_About this exercise_: Excluding pictures, what does the listing below contain from the line with "Poster - 24x32" up to and including the line with "Straw umbrellas on", word for word?

_Given records_:
- Opening Delimiter -
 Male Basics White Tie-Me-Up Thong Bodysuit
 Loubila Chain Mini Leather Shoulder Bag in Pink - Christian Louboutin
- Closing Delimiter -
- Opening Delimiter -
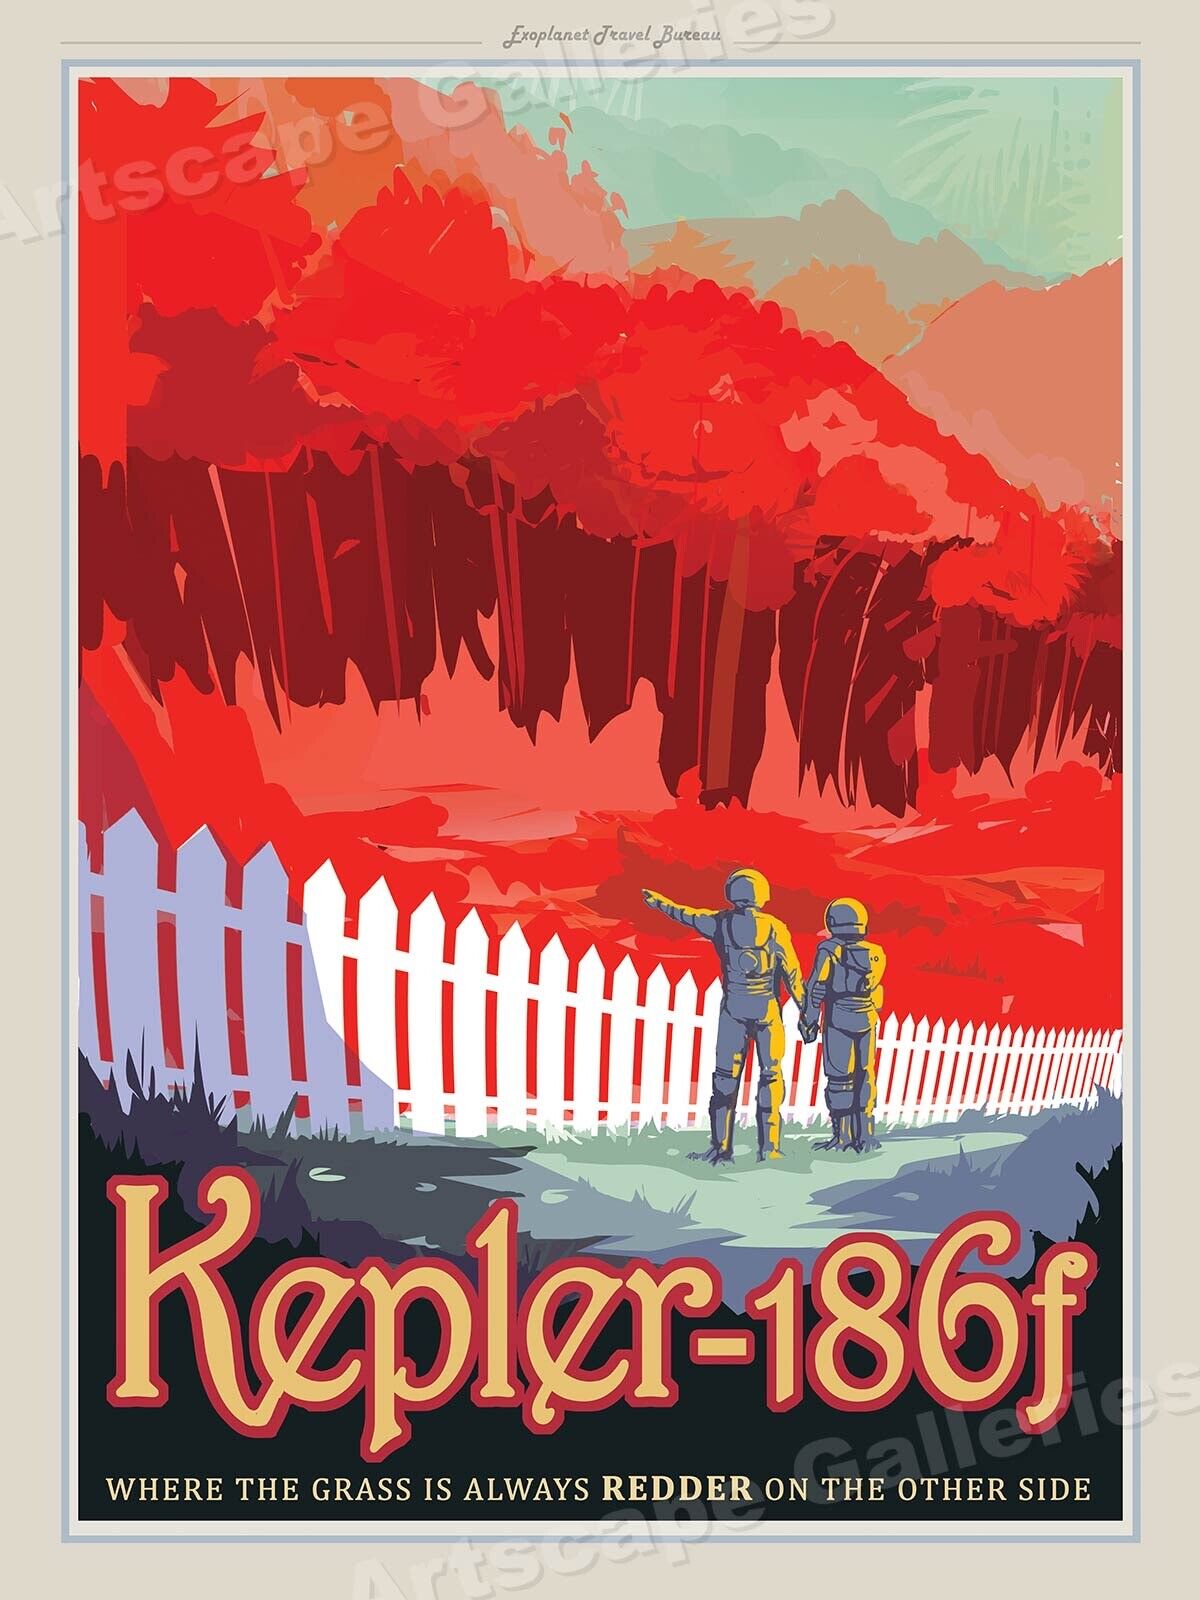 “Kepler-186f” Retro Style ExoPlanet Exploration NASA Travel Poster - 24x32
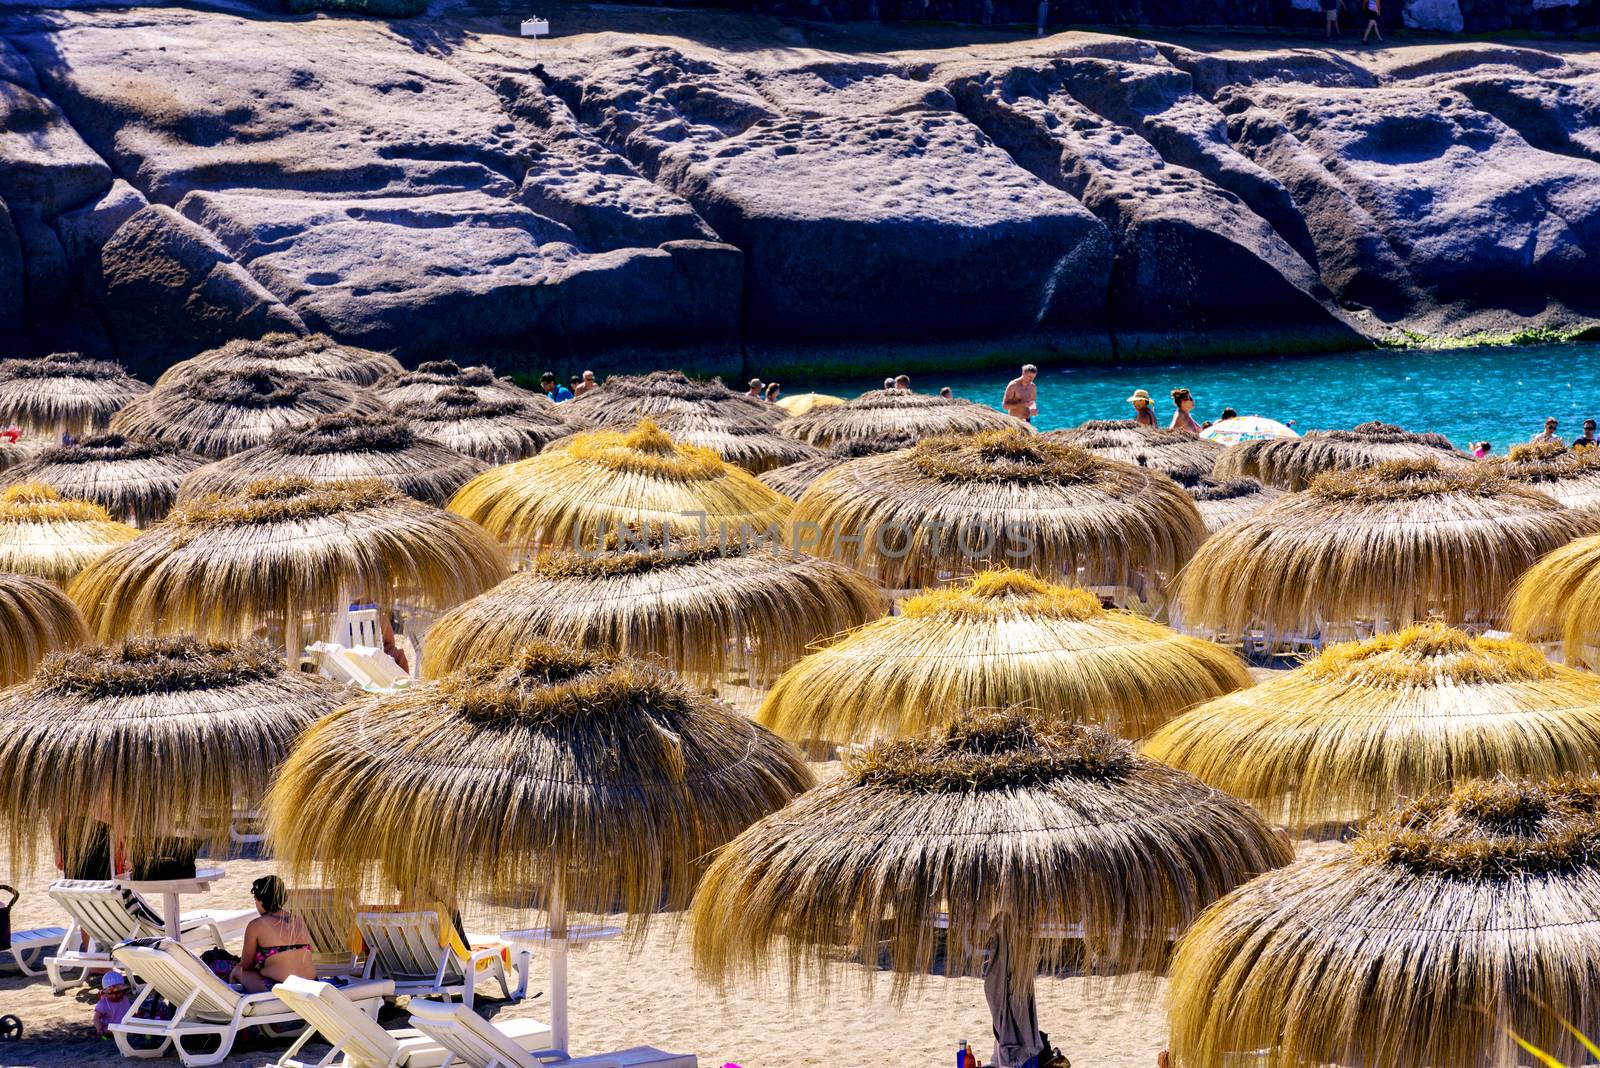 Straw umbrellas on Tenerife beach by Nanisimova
- Closing Delimiter -
_Written answer_:
 “Kepler-186f” Retro Style ExoPlanet Exploration NASA Travel Poster - 24x32
 Straw umbrellas on Tenerife beach by Nanisimova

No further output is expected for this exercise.